Collected data —
[Start of section]
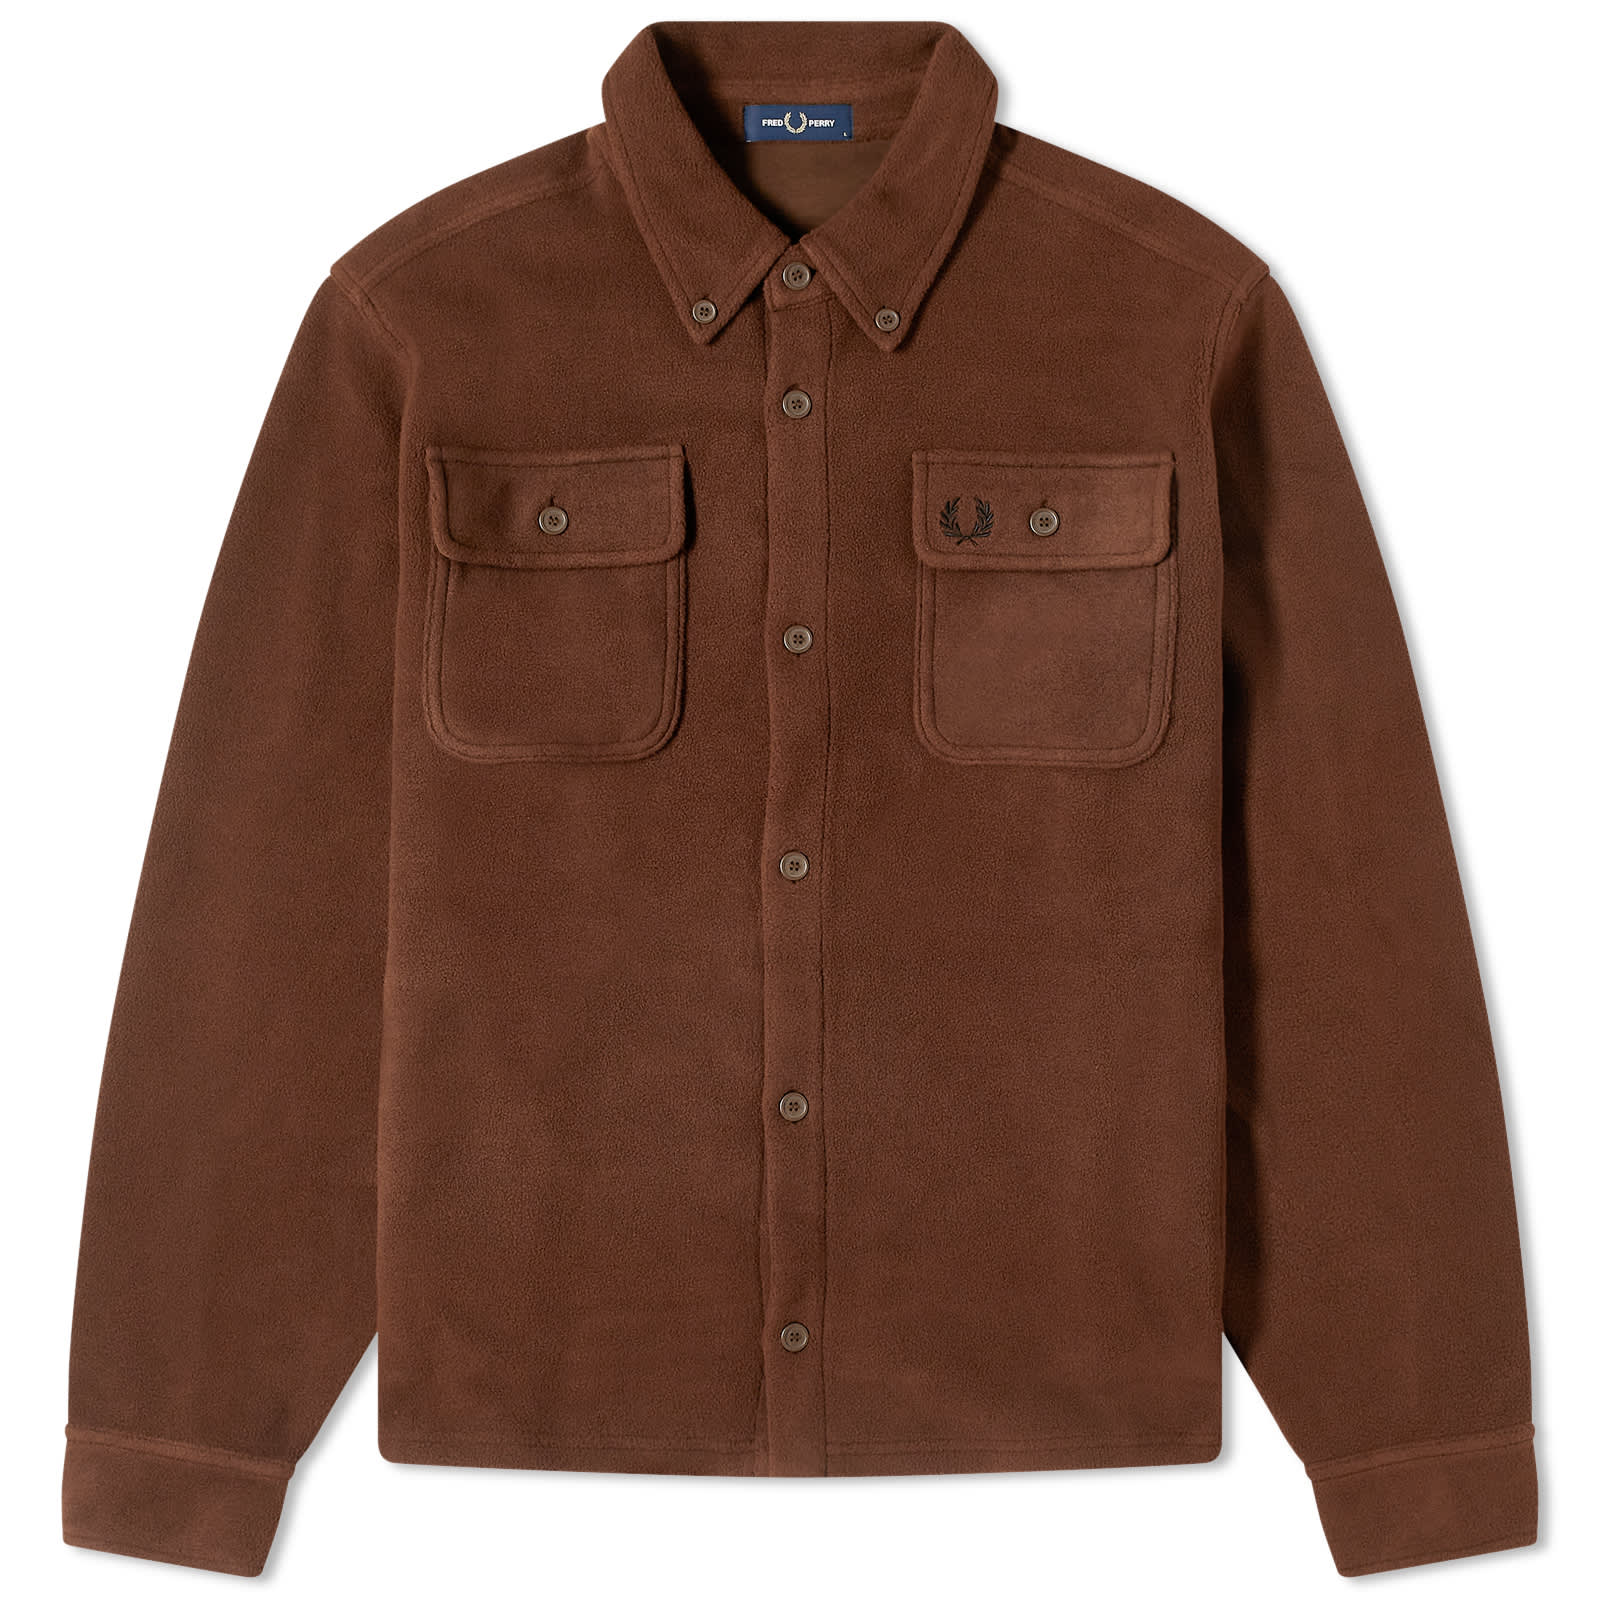 Куртка рубашка Fred Perry Fleece, коричневый куртка рубашка fred perry utility pocket коричневый
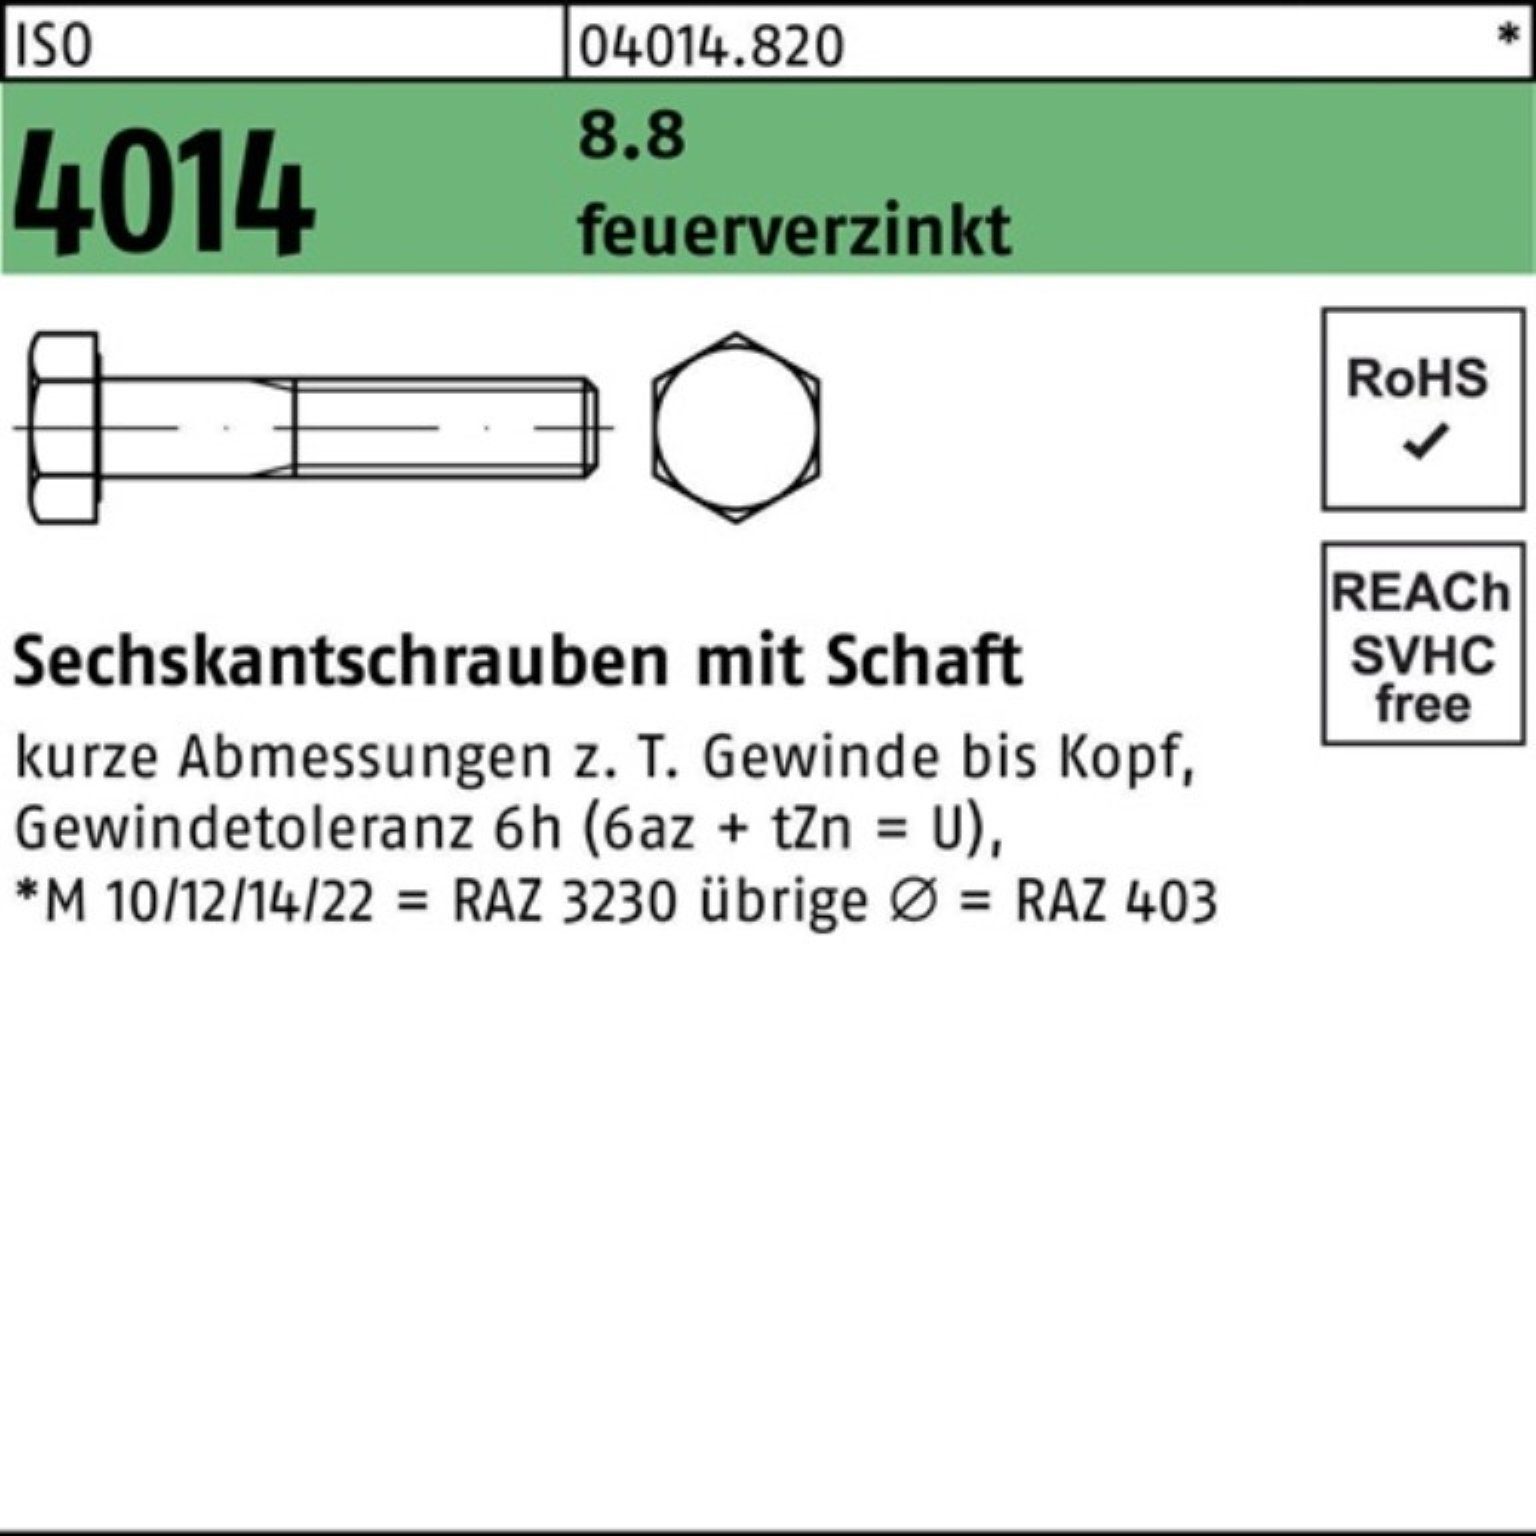 Pack Schaft 4014 ISO Bufab Sechskantschraube Sechskantschraube 90 8.8 feuerverz. 100er M27x 10
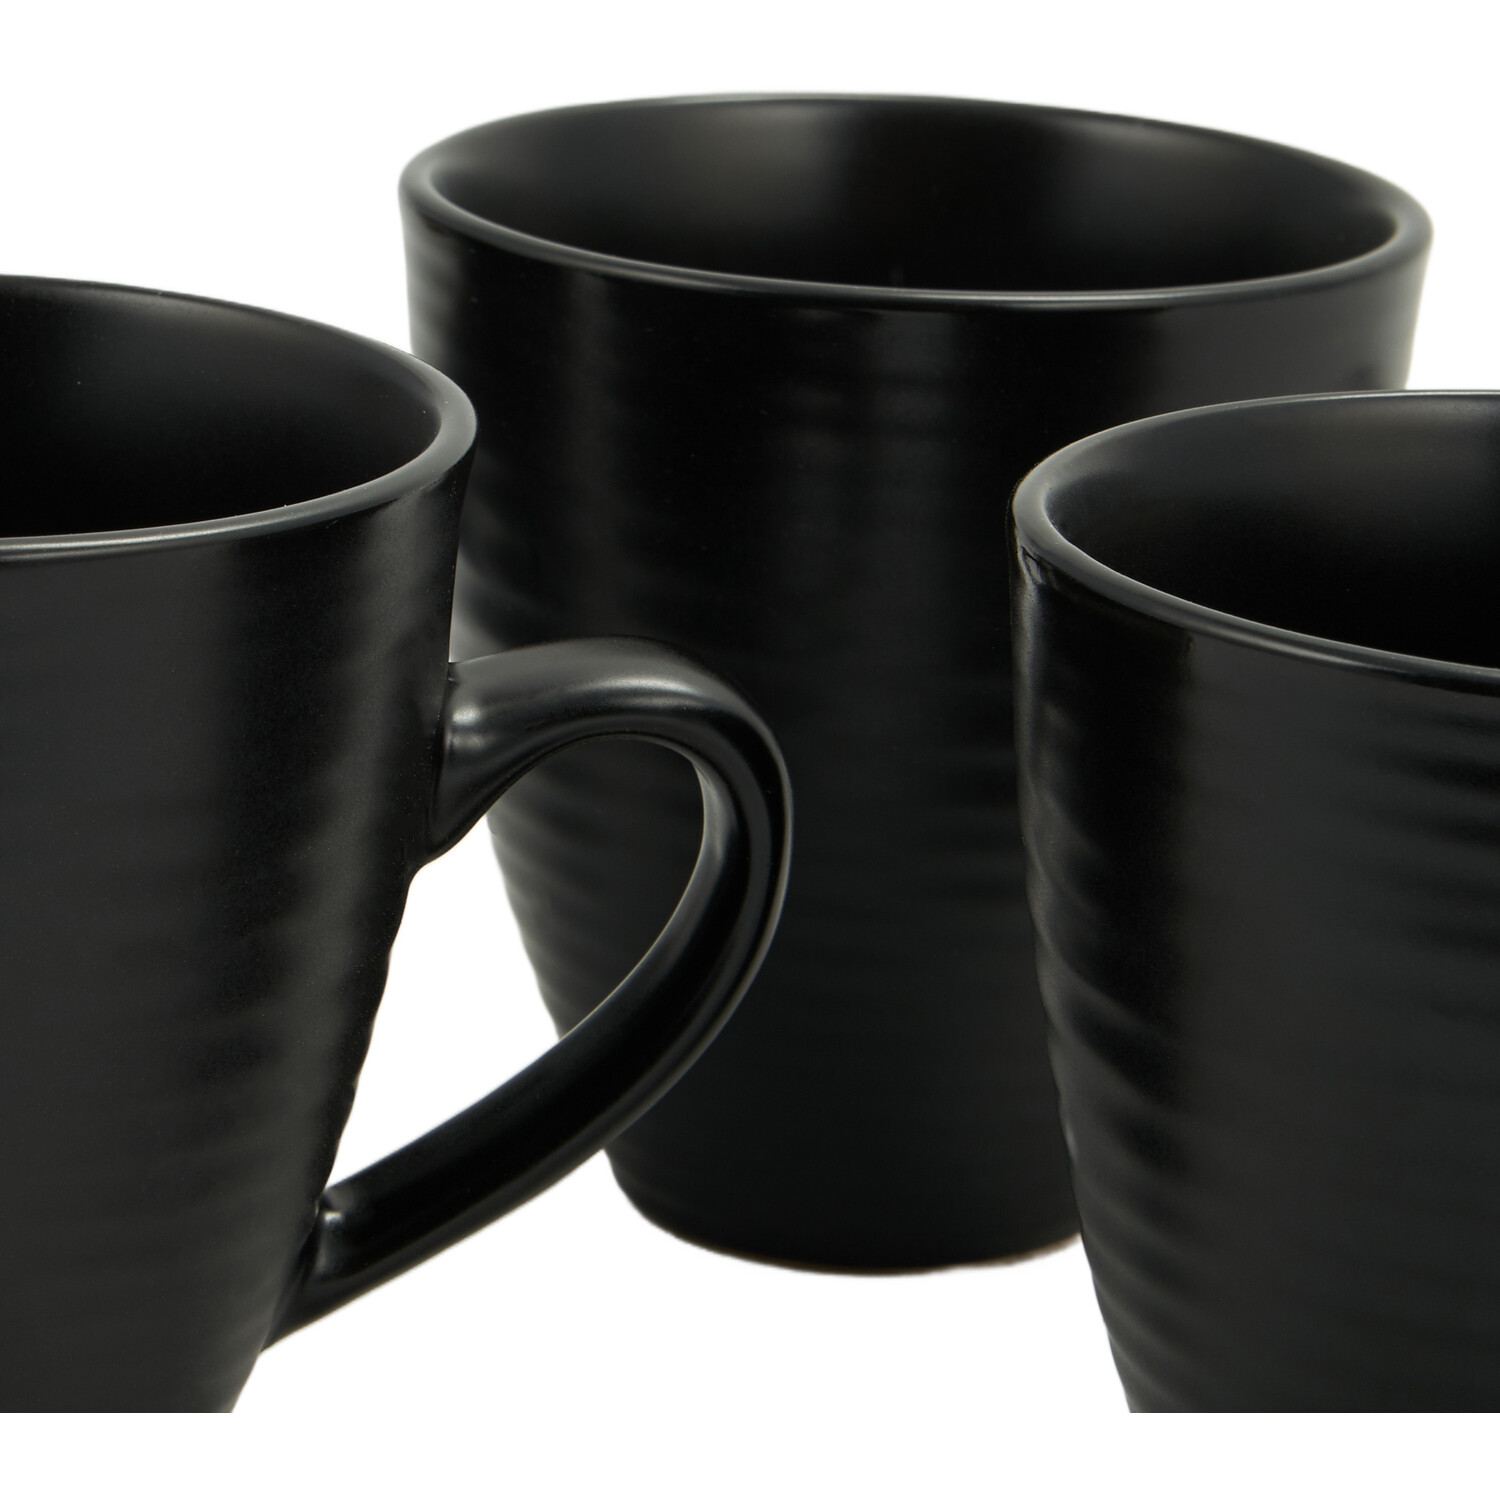 Set of 4 Nera Ribbed Mugs - Black Image 4
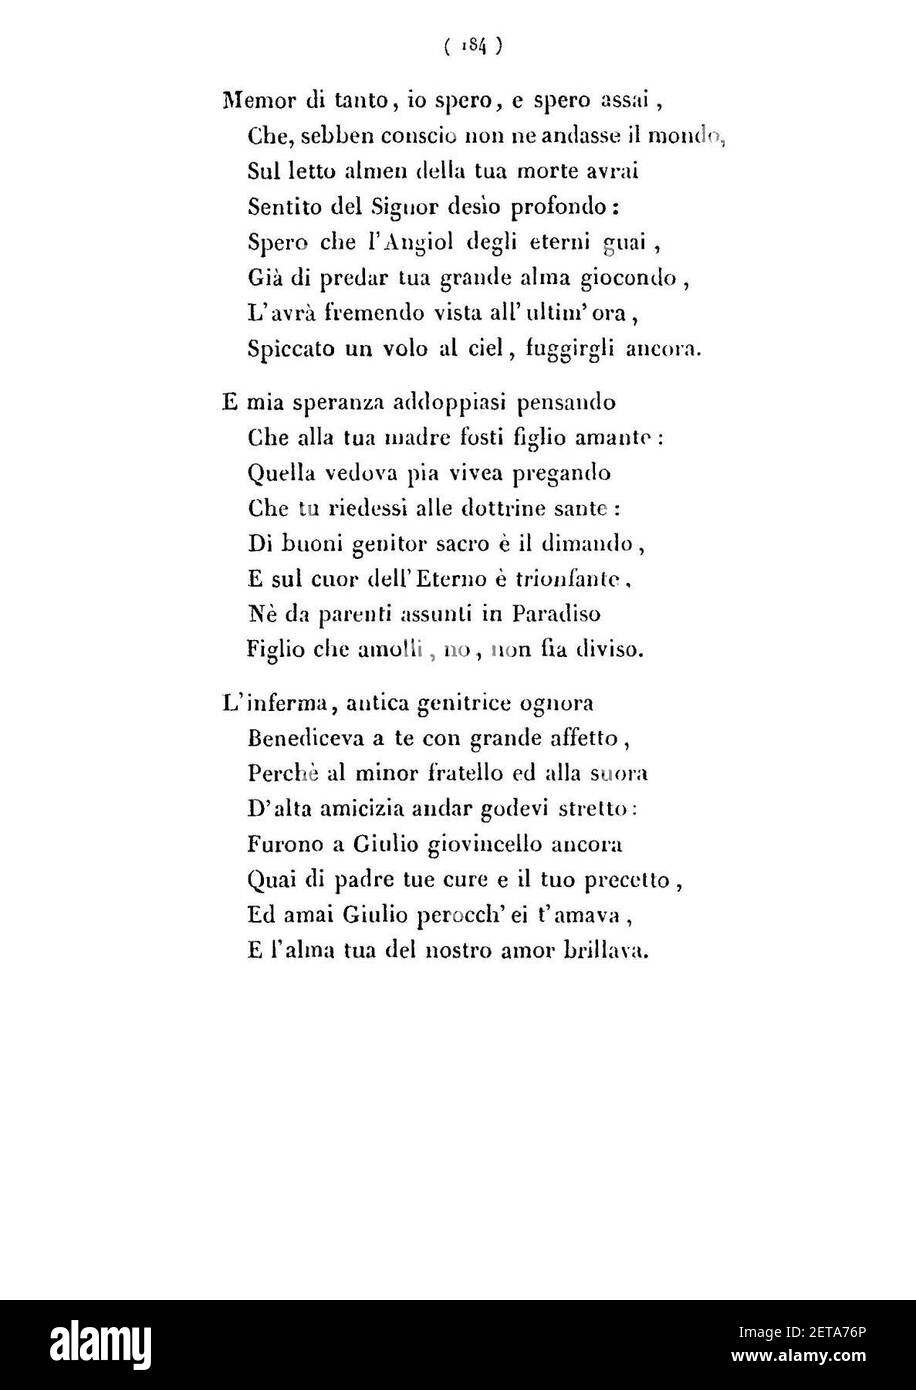 Pellico - Poesie inedite 185. Stock Photo
[End of section]
Write out the material above again, word for word, minus its pictures.

 Куртка рубашка Fred Perry Fleece, коричневый куртка рубашка fred perry utility pocket коричневый
 Pack Schaft 4014 ISO Bufab Sechskantschraube Sechskantschraube 90 8.8 feuerverz. 100er M27x 10
 Set of 4 Nera Ribbed Mugs - Black Image 4
 Pellico - Poesie inedite 185. Stock Photo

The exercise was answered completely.